Earth's Deep History: How it Was Discovered and Why it Matters

  • Martin J. S. Rudwick
University of Chicago Press: 2014. 9780226203935 | ISBN: 978-0-2262-0393-5

Three things annoy Martin Rudwick about how the history of Earth science is portrayed. He scorns monoglot provincialism, caricatures that pit science against religion — and hero-worship. So I hope he forgives the fact that in 1977, at 21, I made a pilgrimage to London to hear him speak at the Geological Society, and to ask him to autograph my copy of his Living and Fossil Brachiopods (Humanities Press, 1970).

Frontispiece from Museum Wormianum (1655) by antiquary Ole Worm, showing his cabinet of curiosities — a collection of fossils and other natural artefacts. Credit: Private Collection/Bridgeman Images

Rudwick had just switched from studying palaeontology and functional morphology — which uses engineering principles to make sense of the sometimes perplexing three-dimensional geometry of fossil skeletons — to the history of science. In this he has forged a second, even more distinguished career. Because the subject is also an enthusiasm of mine, I have followed his work with an appreciation that remains undimmed after reading his latest book, Earth's Deep History.

This traces the origin of historical science in the seventeenth century, when the things we see around us in nature came to be seen as 'monuments', pregnant with historical meaning, like archaeological relics. With his talent for encapsulating pre-modern mindsets, Rudwick deftly explains how ideas of natural history were embedded in cultural history. He concentrates on thinking in the late eighteenth century, not only in Anglophone countries but, crucially, also in mainland Europe — especially France. The book's premise, which has been used before by Rudwick and others (including the late evolutionary biologist Stephen Jay Gould), is that humanity's discovery of Earth's immense age is a step in science's progressive removal of humans from the centre of things. First our planet was relegated to mere third rock from the Sun; then humans were transformed from the pinnacle of God's creation into twigs on an evolutionary bush.

Rudwick's early brachiopod book drew on material originally expounded in papers, and in this respect Earth's Deep History is its cousin. In 2005 and 2008, respectively, Rudwick published his magisterial tomes Bursting the Limits of Time and Worlds Before Adam (both University of Chicago Press). These burst the limits of my briefcase and contributed to my upper-body strength. It is therefore welcome that their arguments have been condensed into a more portable account of the human appreciation of time. Unlike many authors (including Charles Darwin) whose big books were conceived as 'sketches' for never-completed longer works, Rudwick has sensibly done things the right way round.
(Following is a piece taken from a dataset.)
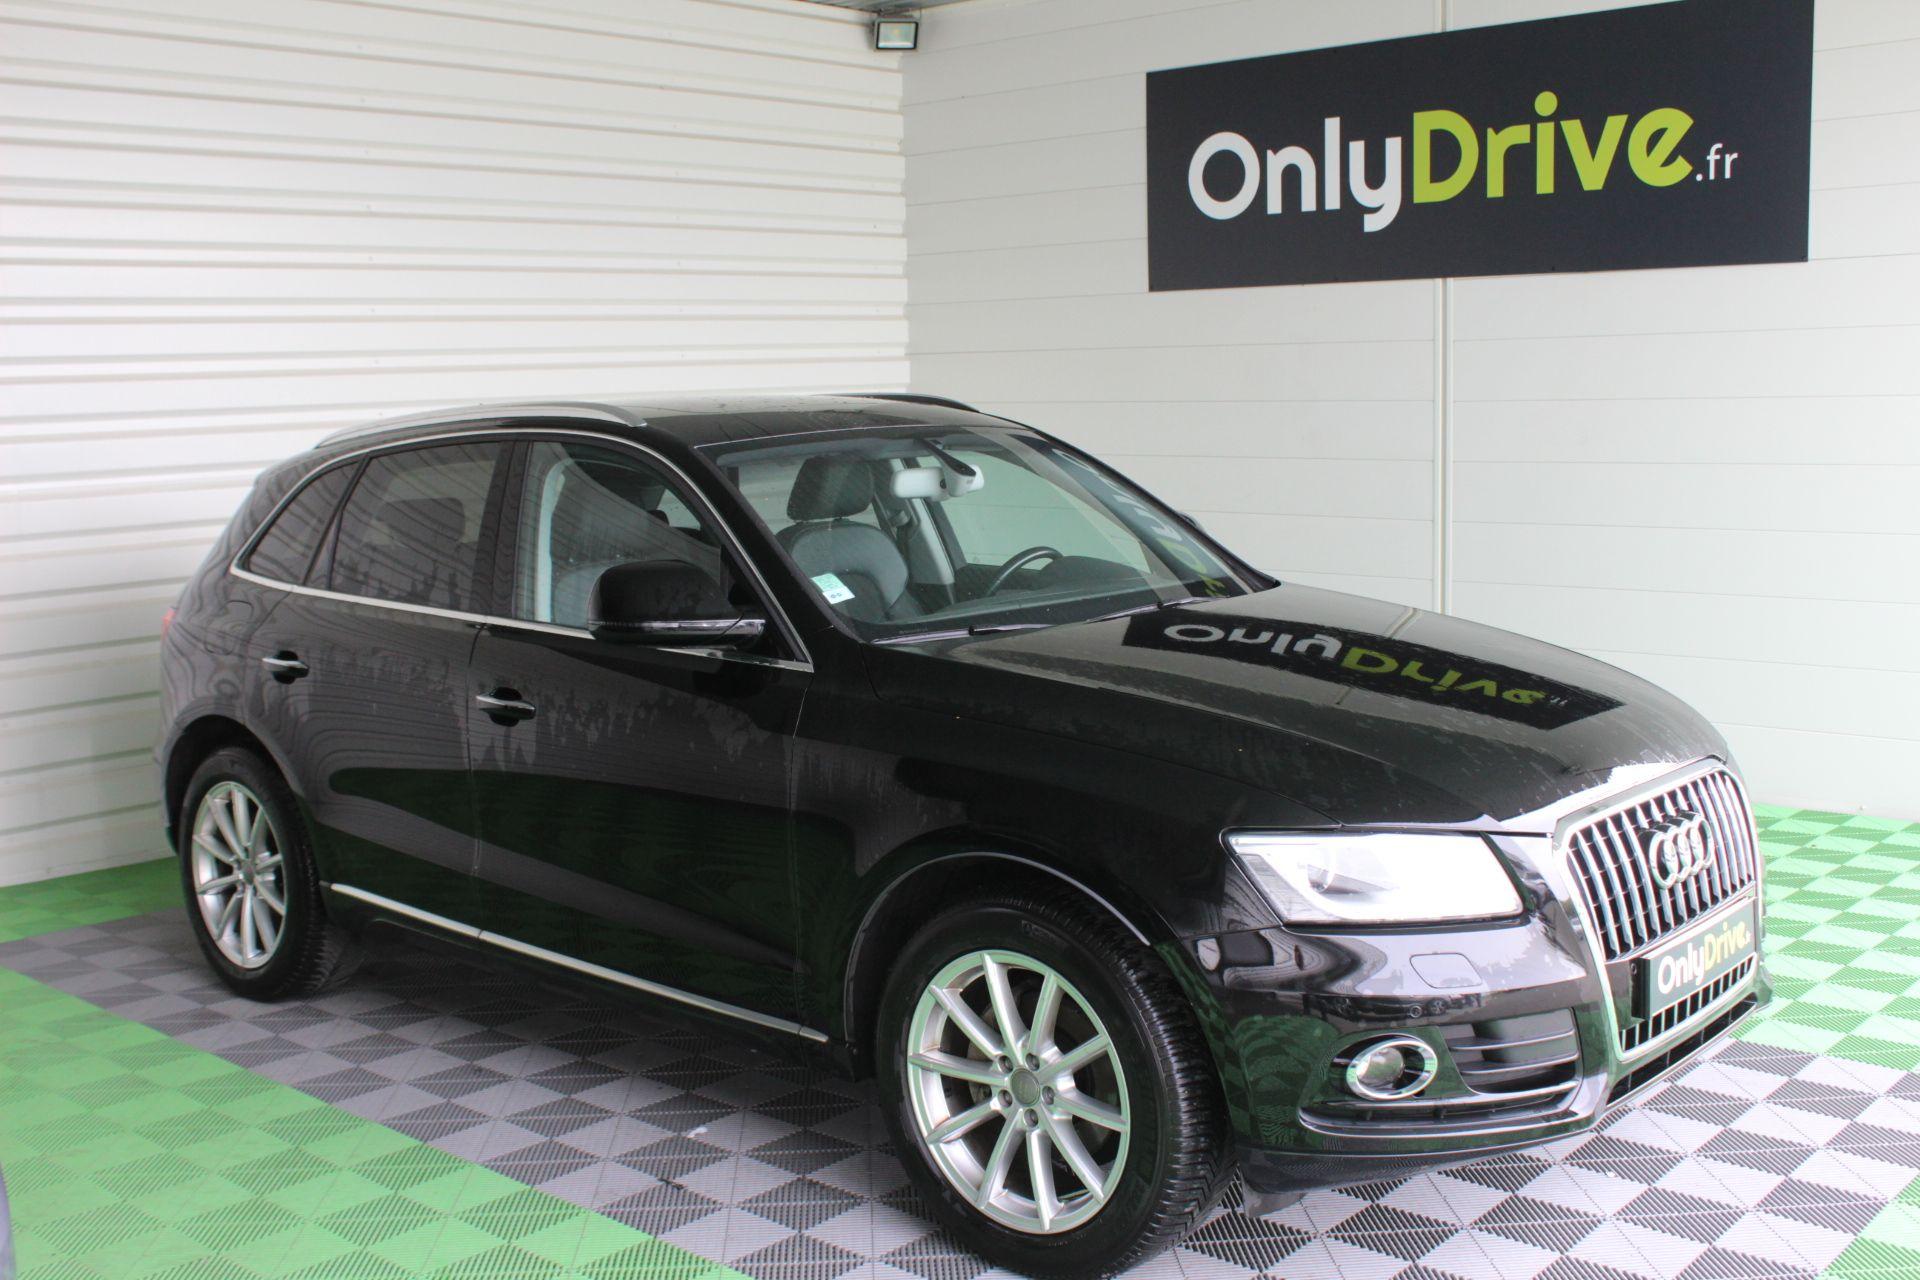 Audi Q5 2 0 Tdi 190 Avus S Tronic Suv Diesel Noir 2016 Garage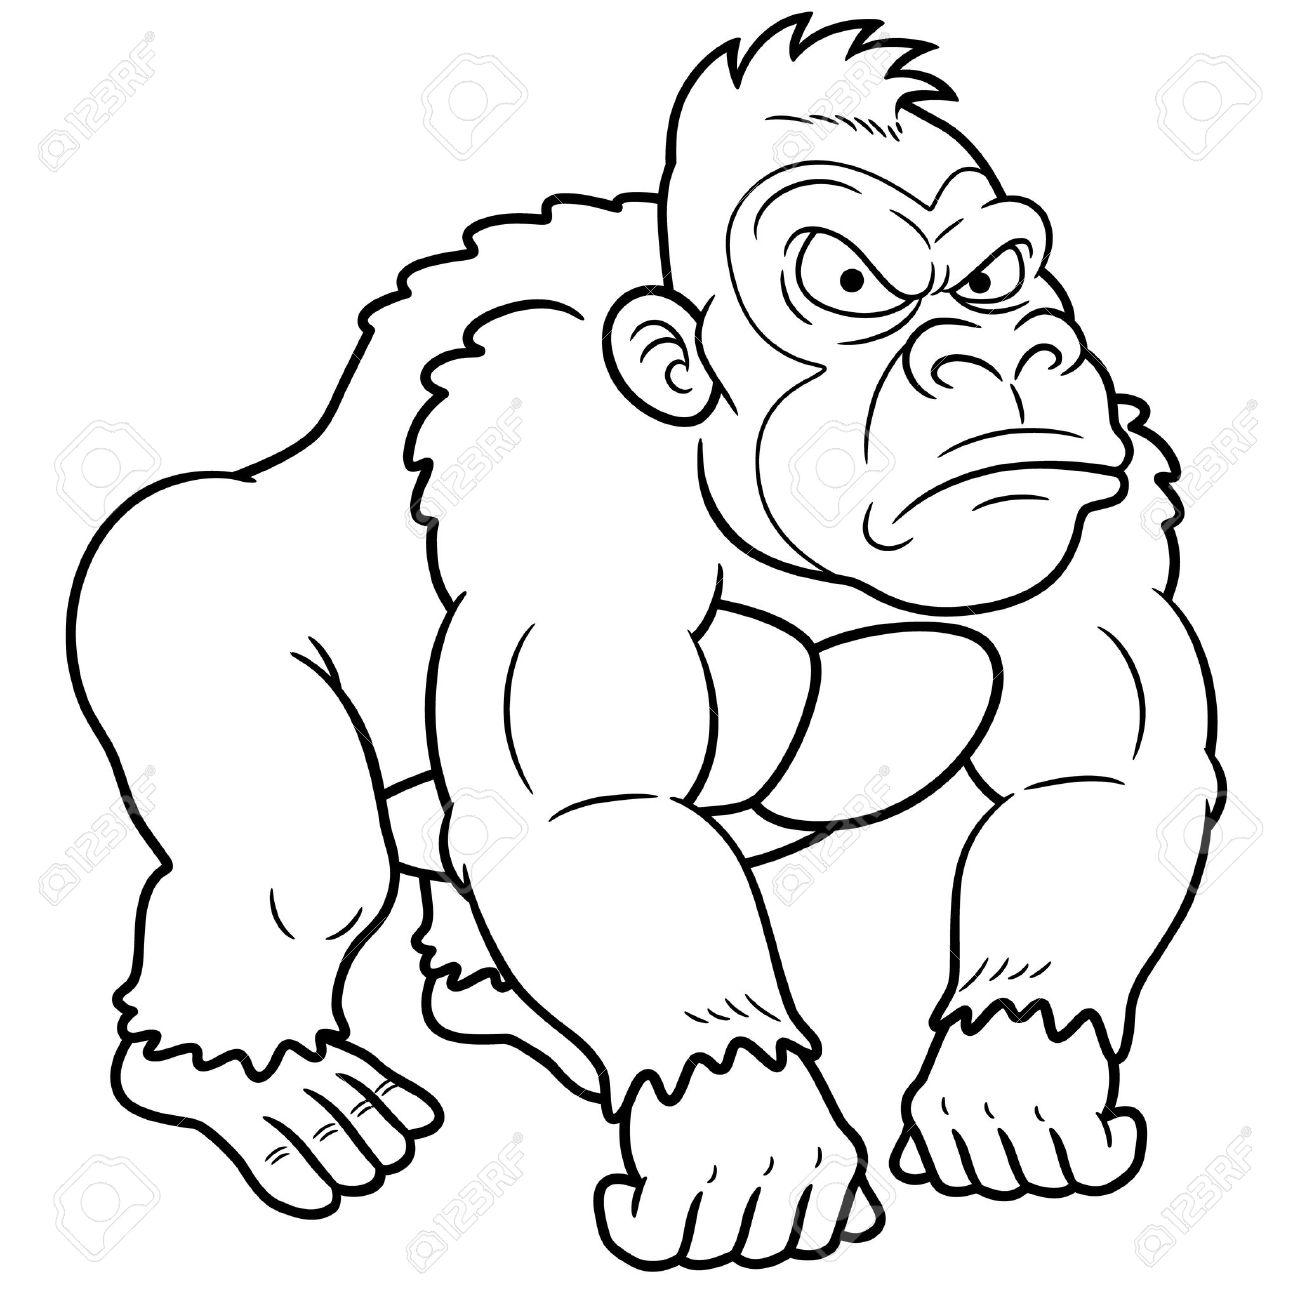 Coloring pages gorilla - Gorilla Illustration Illustration Of Gorilla Cartoon Coloring Book Illustration

Beginning with Irish Archbishop James Ussher's 1650 publication of a chronology suggesting that the world began on 23 October 4004 BC, Rudwick shows how, by the eighteenth century, Western culture had long accepted that Earth had been around for millennia. Ussher was not alone: Isaac Newton played the same game, suggesting a date of 3988 BC. Rudwick is at pains to emphasize that Ussher was a serious chronologist who did not deserve his post-Darwinian ridicule. What these chronologies show is that humanity was at that time assumed by all to have been part of the Universe from its inception.

The image of emergent science heroically struggling against obscurantist religion is a fiction.

Rudwick goes on to reveal how natural philosophers such as Jean-André Deluc and Johann Jakob Scheuchzer in Switzerland arrived at a truer picture. In attempting to reconcile scriptural and other textual evidence with that slowly emerging from nature's monuments, they came to realize that Earth had had a long prehistoric existence for which there was no documentary evidence. Yet far from being stifled by what had gone before, they were profoundly aided by the work of traditional, historical and antiquarian scholars working in the Judaeo-Christian tradition. The image of emergent science heroically struggling against obscurantist religion is a fiction conjured by post-Darwinian revisionism and militant atheists, Rudwick insists.

Later natural philosophers, reading nature as innately historical, saw further. For Darwin, species were not finished objects in neat taxonomic boxes; they represented the cut ends of historical threads, linking all to the origin of life. Most people today would categorize Darwin as a biologist, but his view of species derived from his geologist's instinct that all things embody a historical narrative. The realization that much of Earth's history was not just prehistoric but prehuman gave birth to what we now call deep time. The book concludes with a relatively breezy scamper through the subsequent history of Earth science, taking in the 1960s and 70s arrival of its grand unifying theory, plate tectonics.

Reading Rudwick's prose is a pleasure, but this is not a 'popular' book. Rudwick provides little human interest behind the names, so if these do not already conjure up real human beings with lives and idiosyncrasies, he offers scant help. Indeed, he has few good words to say about the stylistic compromises of popular histories. I find this a trifle ungallant. Superior art, for all its academic shortcomings, engages more minds than the diligent knight on his charger of scholarship ever will.